Инженеры собрались уходить. Максим Ходжер остановил их.
– Одно важное дело есть. Не знаю, как вы посмотрите, посоветоваться с вами хочу... Мы сегодня на собрании всем стойбищем решение приняли...
Алексей взял протянутый Ходжером лист бумаги и прочел вслух:
– «Ко всем колхозникам русских деревень и нанайских стойбищ на Адуне». – Глаза Алексея скользнули по строчкам, он молча дочитал бумагу до конца. Явно взволнованный, Ковшов передал лист Беридзе.
– «Для войны нужна нефть, поэтому партия и правительство требуют как можно быстрее пустить нефтепровод.
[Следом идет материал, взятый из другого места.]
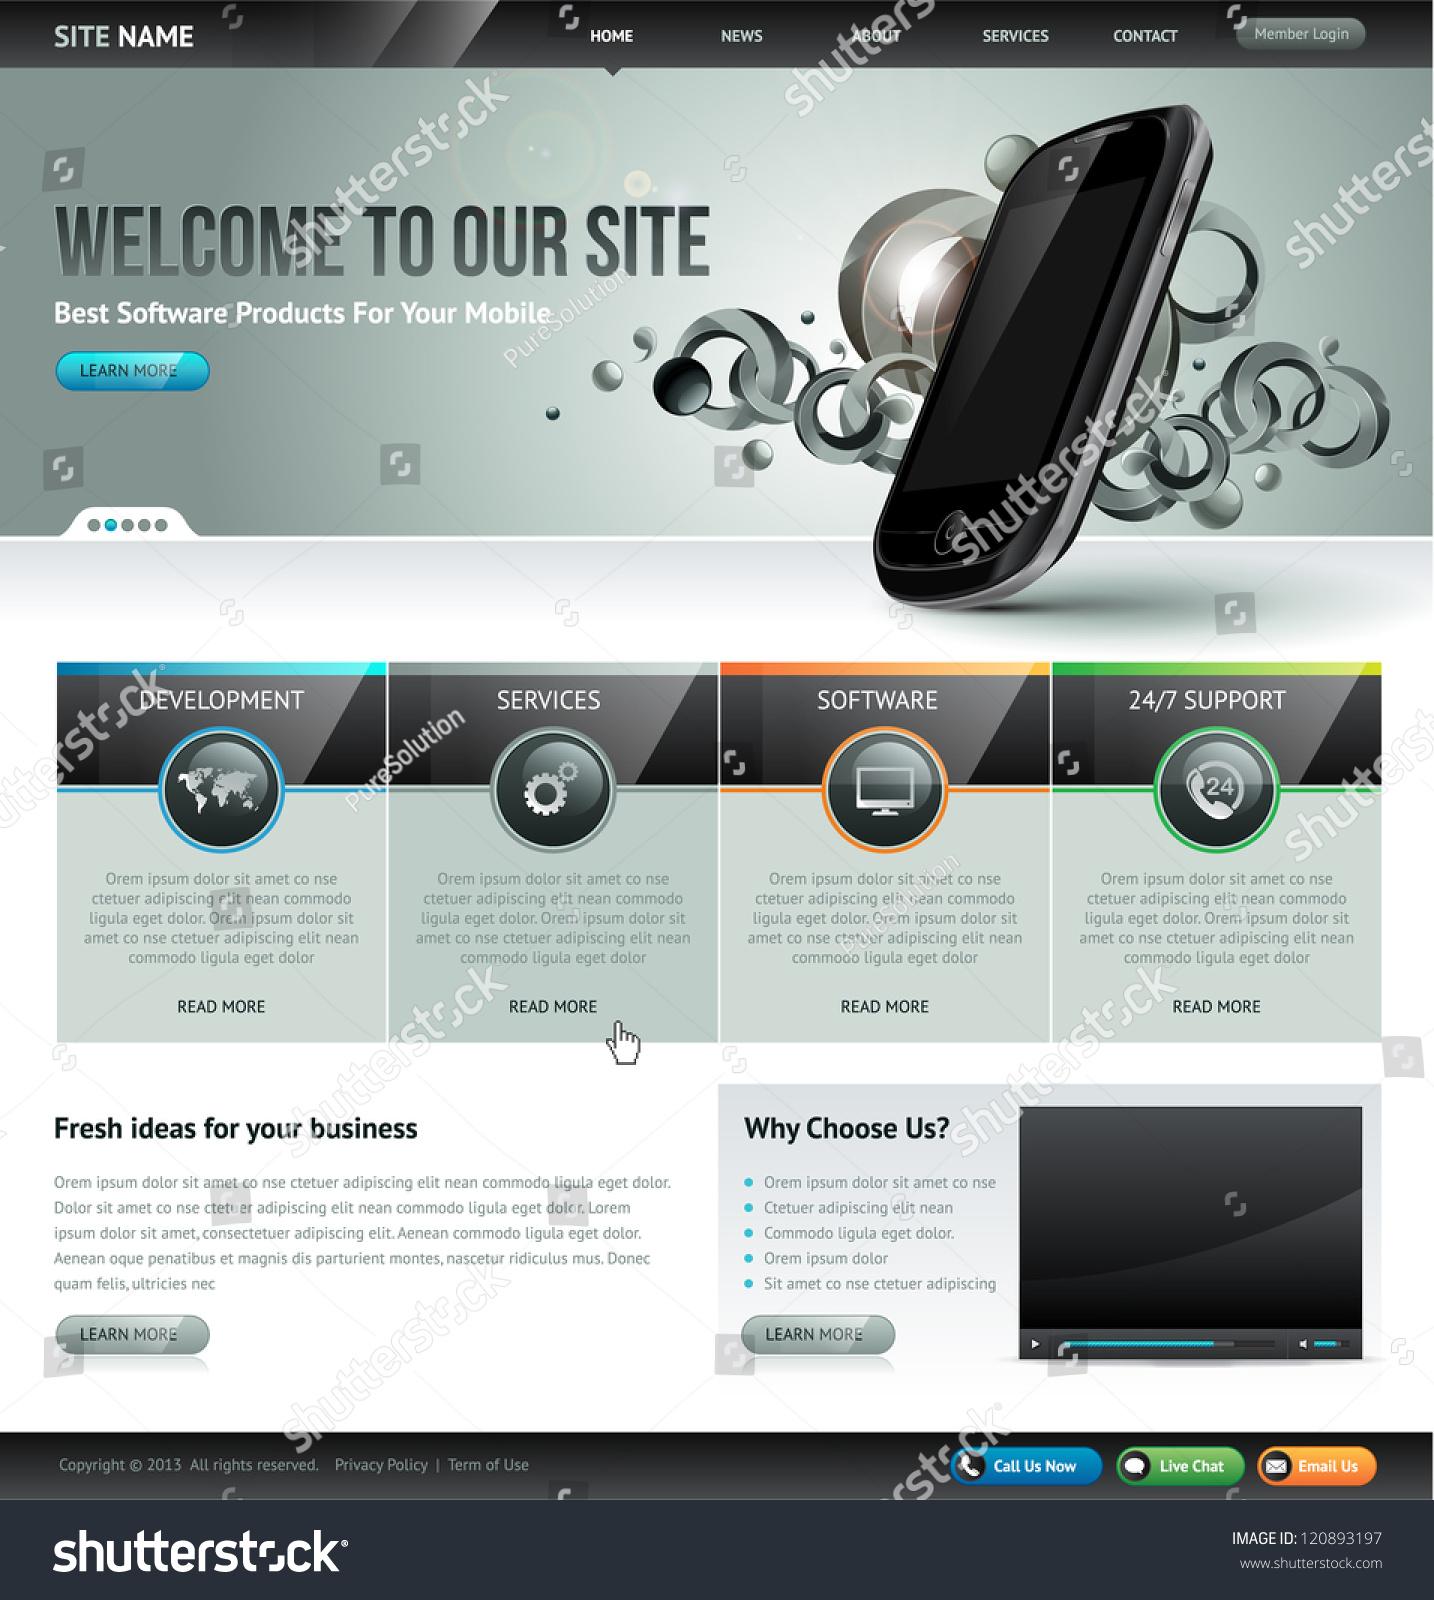 Online image photo editor shutterstock editor for Website layout maker

Эта стройка даст большой толчок дальнейшему развитию всех селений на нашем Адуне.
Мы, жители стойбища Тывлин, считаем стройку своим кровным делом и обязуемся во всем помогать строителям. Мы обращаемся к вам с предложением: признать стройку народной, чтобы не только строители, но и все население Адуна отвечало перед государством за пуск нефтепровода в срок».
– Плохо написал, сам чувствую! – сокрушенно сказал Ходжер. – Поправьте, товарищ Беридзе.
– Здорово написал, Максим, лучше не надо! – воскликнул главный инженер и обнял Ходжера. – Поправлять такую бумагу – только портить...
– Володька! – закричал обрадованный Максим племяннику. – Тащи сюда машинку, печатать будешь. Однако будь осторожен.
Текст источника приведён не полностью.